# Work required
All of the listing below must be repeated word for word. Pictures are the only thing to omit.

# Information supplied
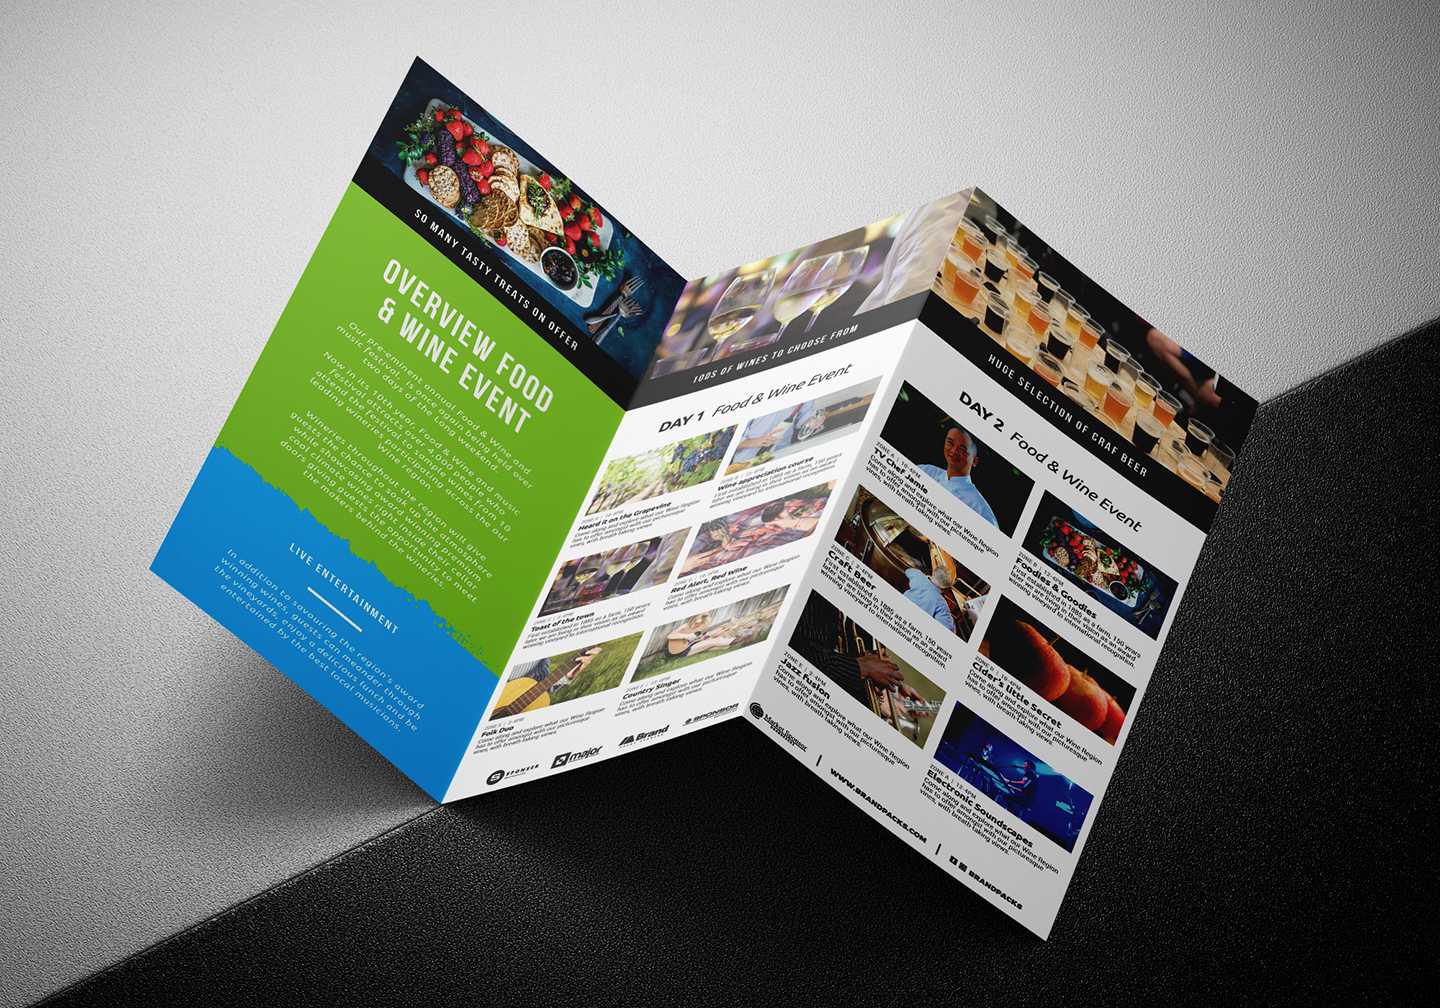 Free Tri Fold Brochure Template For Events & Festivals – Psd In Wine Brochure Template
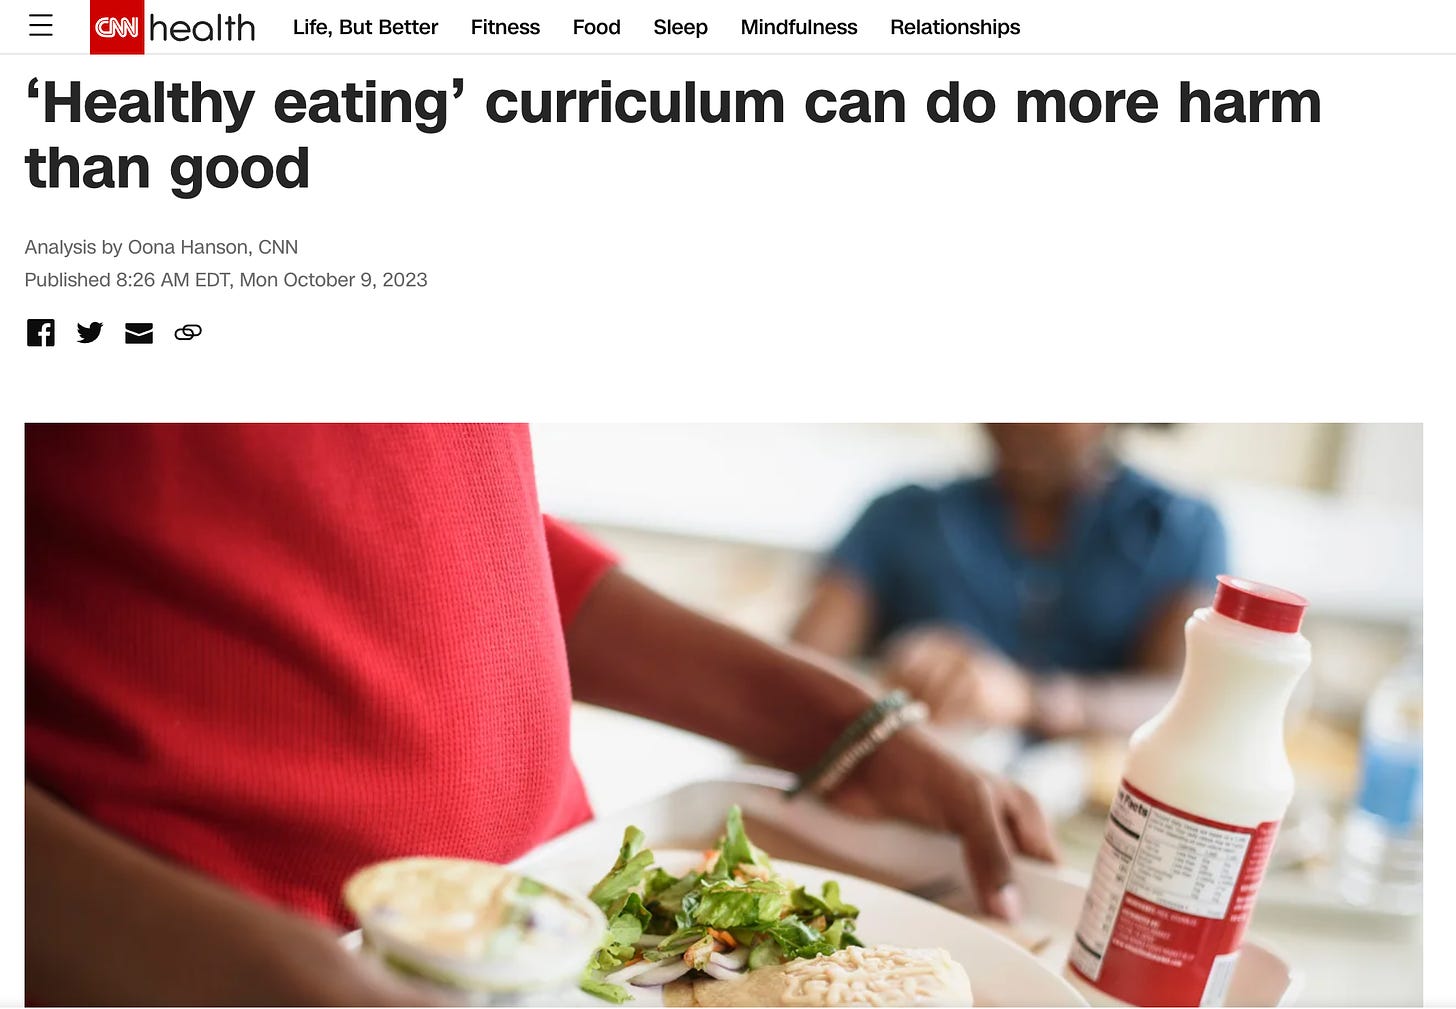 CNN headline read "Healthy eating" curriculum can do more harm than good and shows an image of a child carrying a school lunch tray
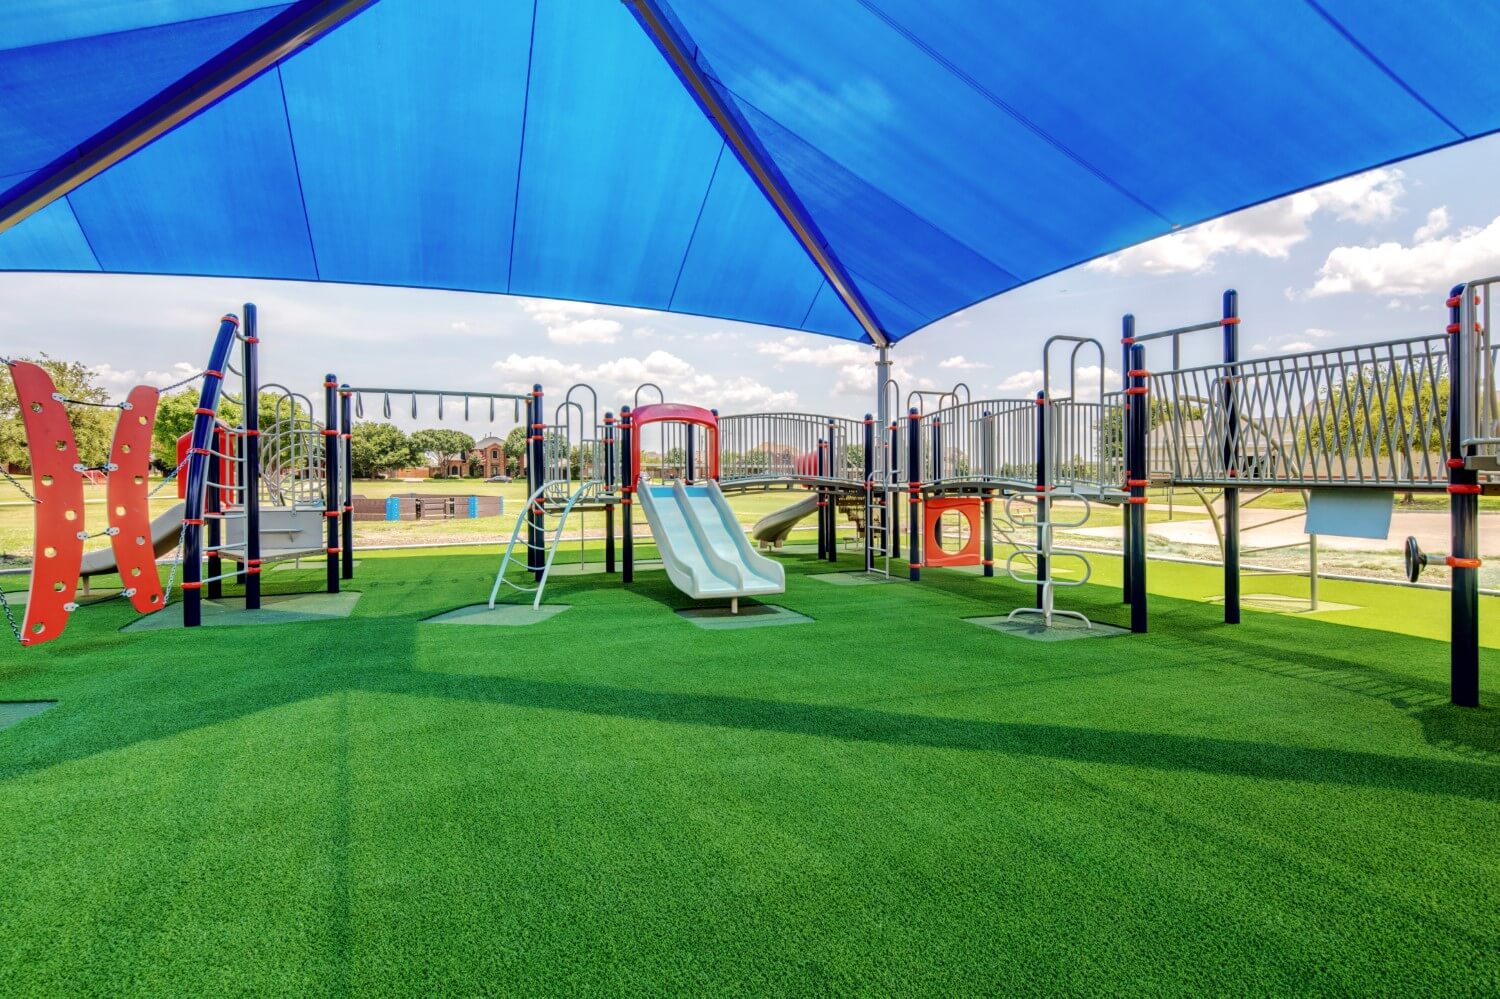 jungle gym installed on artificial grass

# Exercise result
 Free Tri Fold Brochure Template For Events & Festivals – Psd In Wine Brochure Template
 CNN headline read "Healthy eating" curriculum can do more harm than good and shows an image of a child carrying a school lunch tray
 jungle gym installed on artificial grass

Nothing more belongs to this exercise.